Jika saja tidak memperhatikan para pekerja itu, aku mungkin akan lupa bahwa besok adalah perayaan terpenting di Agni. Hari dimana seluruh penduduk distrik akan berkumpul seharian di pusat distrik, menyambut kedatangan presiden membacakan pidatonya. Hari yang secara resmi di sebut Hari Mada.

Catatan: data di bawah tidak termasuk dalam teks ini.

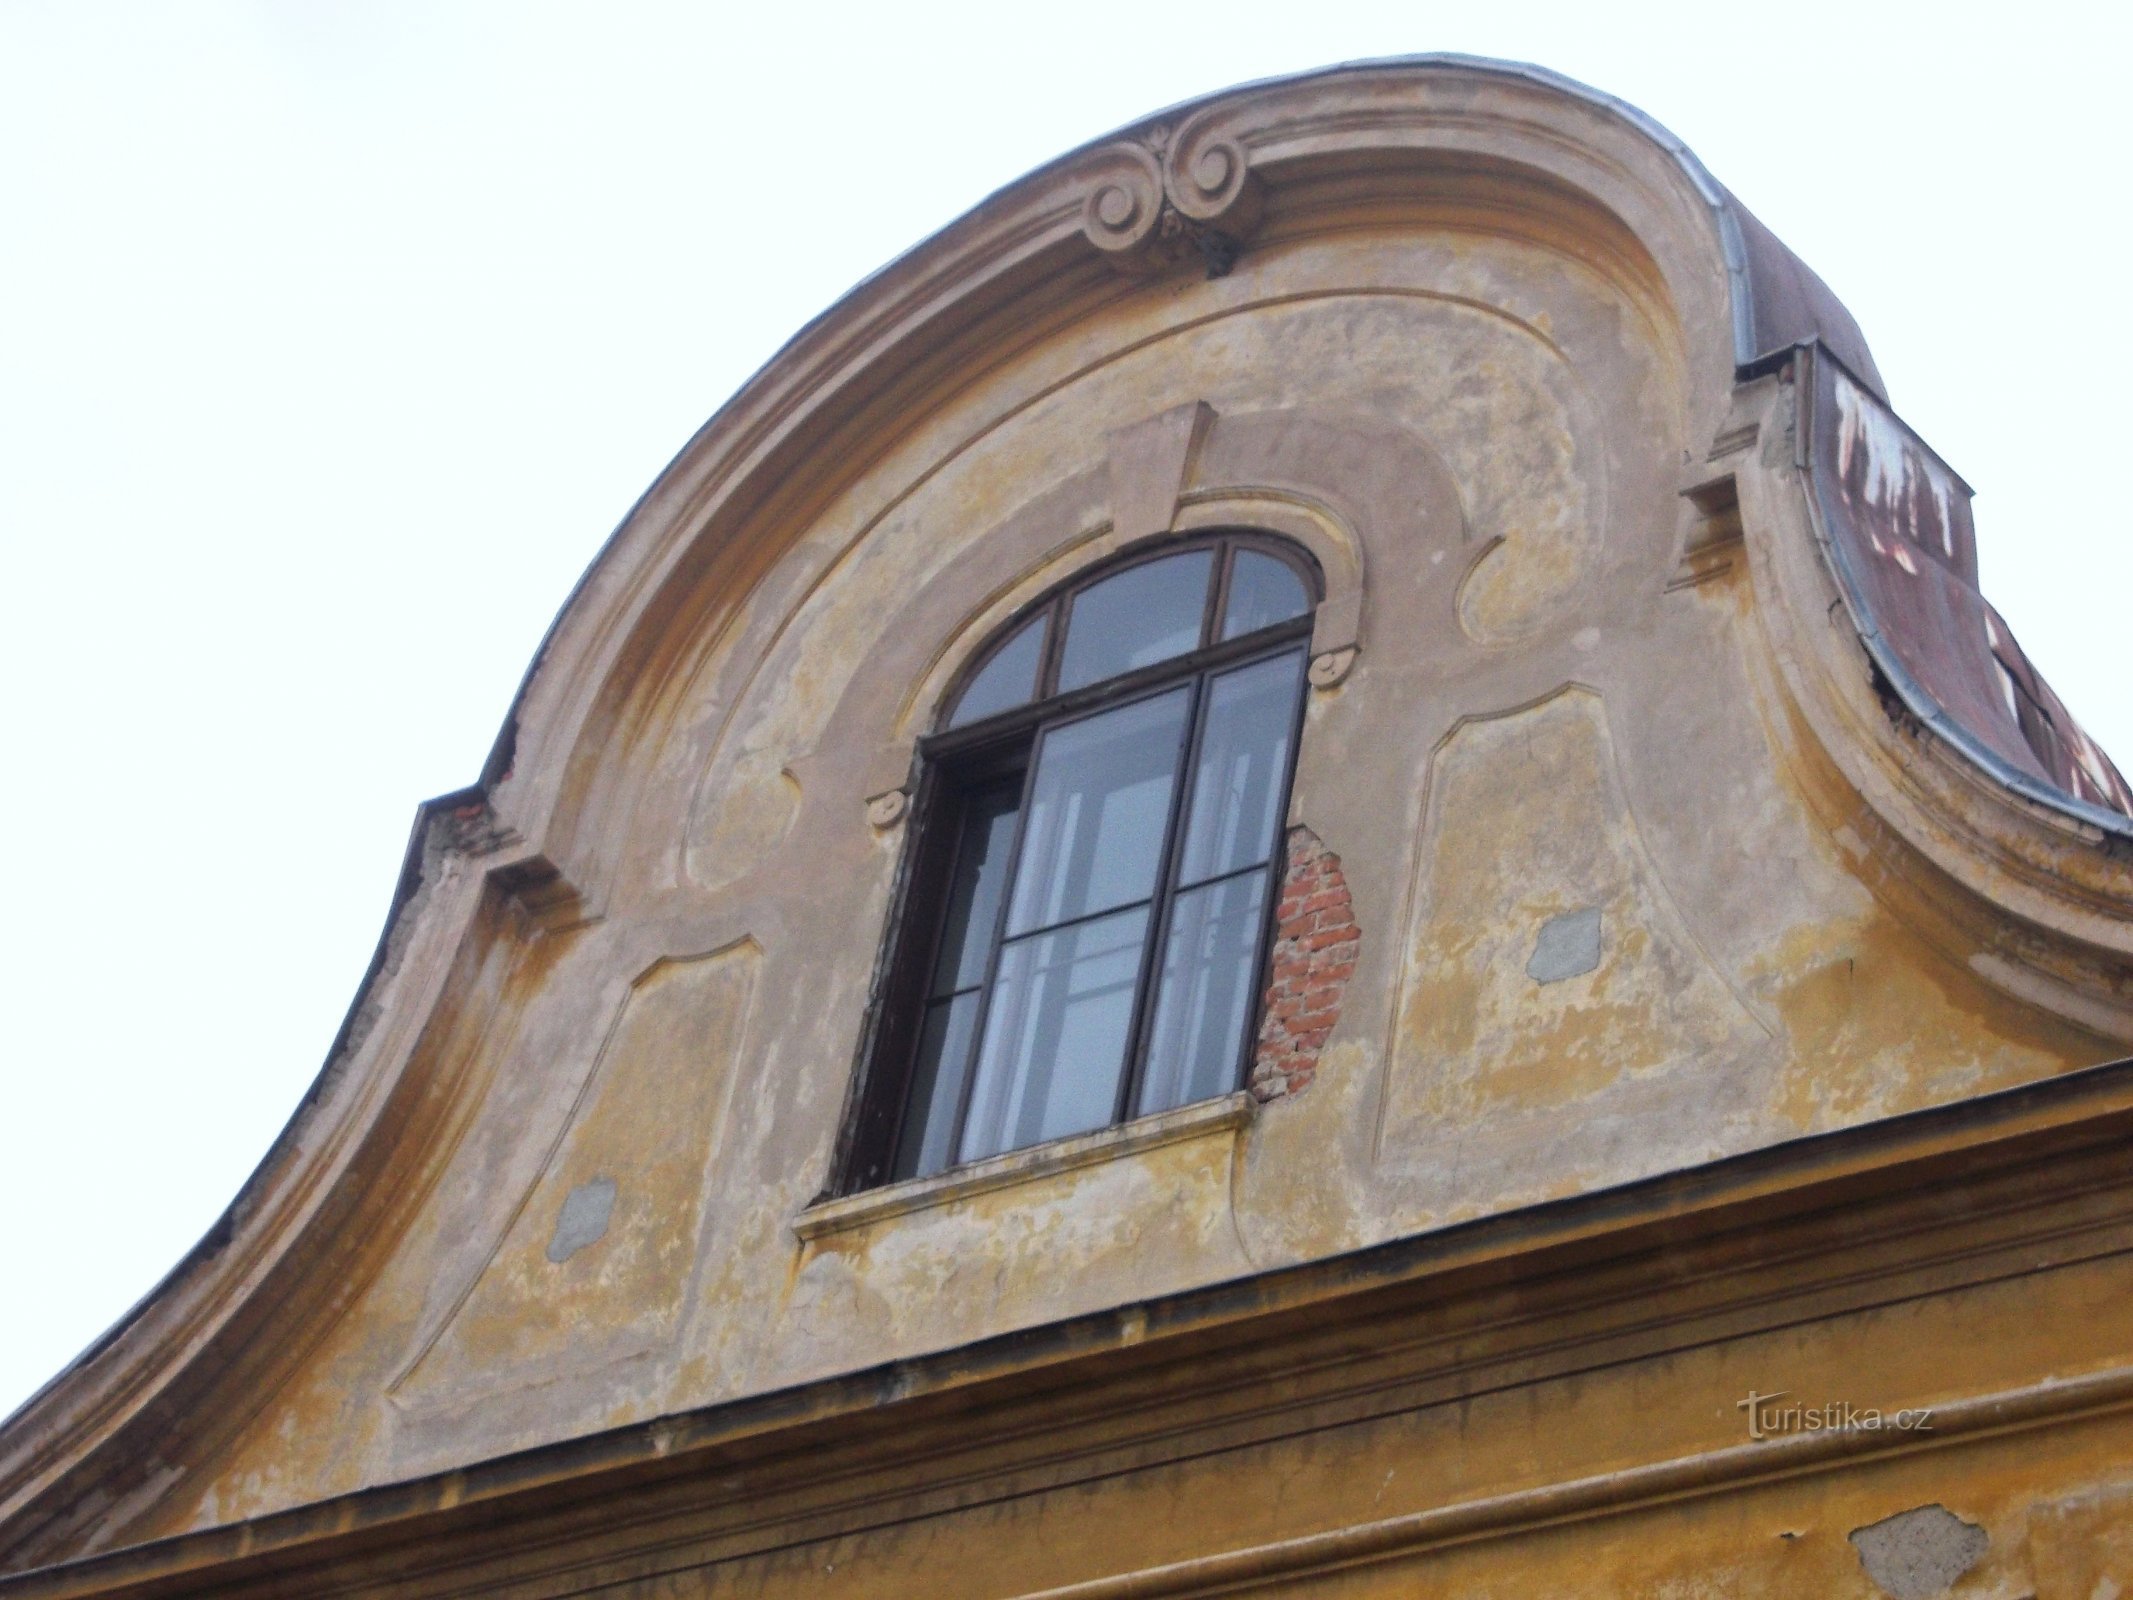 zgornji del fasade

Mada, Sang Pahlawan Revolusi. Begitulah mereka menyebutnya. Itu terjadi hampir 130 tahun lalu. Masa-masa terkelam bagi tanah ini sebelum Agni berdiri dua tahun setelahnya. Itu adalah masa dimana Pemerintahan rasis digulingkan oleh orang-orang pemberani yang dikumpulkan Sang Mada. Itulah era kemenangan, dan kejadian itu diabadikan diseluruh distrik dalam bentuk alun-alun kota dan patung Mada yang menatap kelangit, sebagai salah satu cara untuk menghormatinya setiap satu tahun sekali akan perjuangannya memimpin kaum Revolusonis. Ia membawa harapan dan kesejahteraan, yang sekirnya masih diperjuangkan hingga hari ini. Atau aku boleh mengatakannya. Itu tidak pernah terasa.

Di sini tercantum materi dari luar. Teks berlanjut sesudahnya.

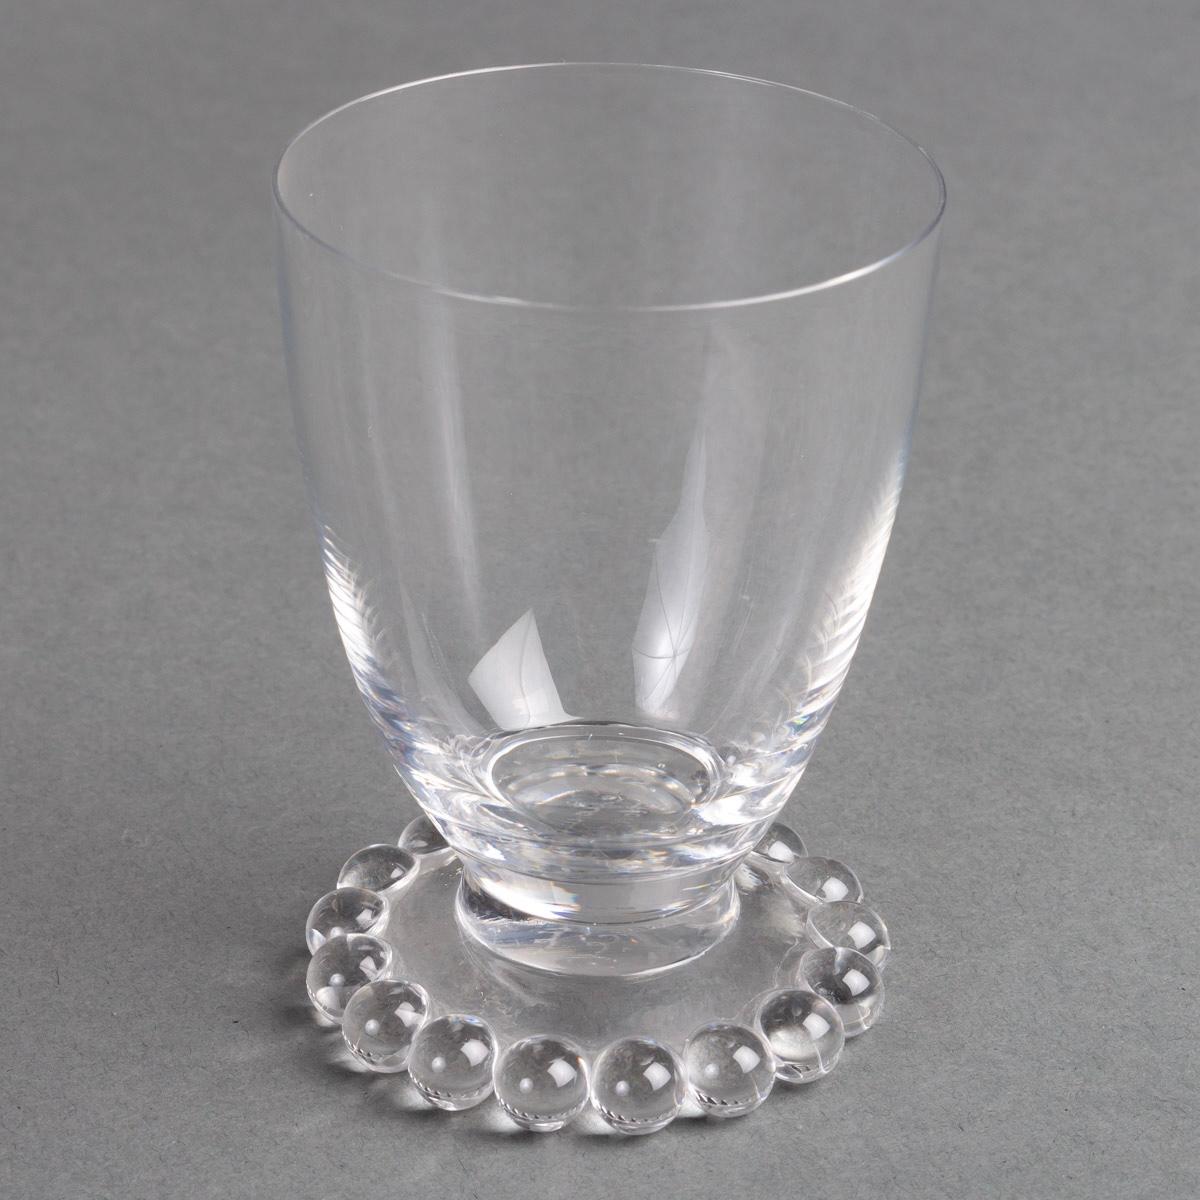 Mid-20th Century 1935 René Lalique, Tablewares Glasses Decanters Boules Glass, 34 Pieces For Sale

Sistem distrik memaksa kami untuk hidup di bawah konsep Masyarakat Produktif, sebuah haluan dasar yang secara teoritikal memiliki makna bagus sebagai upaya untuk membangun Agni lebih baik. Itu adalah seperangkat ide,aturan dan motivasi bagi seluruh elemen masyarakat untuk berjuang bersama-sama membangun negeri ini lewat pengabdian dalam menyokong Industri untuk beroperasi. Demi tercapainya kesejahteraan Agni dan Semangat utopis mereka. Seribu tahun kejayaan Agni.
Ada satu hal yang harus kami patuhi dalam Konsep Masyarakat Produktif, satu garis besar dari semua poin-poin penting itu adalah : Kau tidak boleh terlihat malas, lemas dan selalu datang bekerja tepat waktu, atau dirimu akan tamat dan digantikan oleh orang lain. Tamat dalam artian ini, kau akan menerima surat Keputusan Pemecatan dan uang pesangon selama dua bulan. Setelah itu, hidupmu hanya akan di topang bantuan pemerintah berupa Protein Padat. Meski itu bentuk kemurahan Pemerintah dalam membantu masyarakat, Protein Padat adalah makanan pokok yang akan aku makan jika benar-benar tidak ada satupun yang bisa dimakan. Benda berbentuk kotak, bertekstur kenyal dan berwarna hitam kusam itu bagiku hanya cadangan disaat benar-benar tidak ada yang bisa dimakan. Aku lebih mengandalkan makanan sintetis yang bisa dibeli di waralaba berijin khusus, meskipun untuk bisa mendapatkannya mengandalkan keberuntungan.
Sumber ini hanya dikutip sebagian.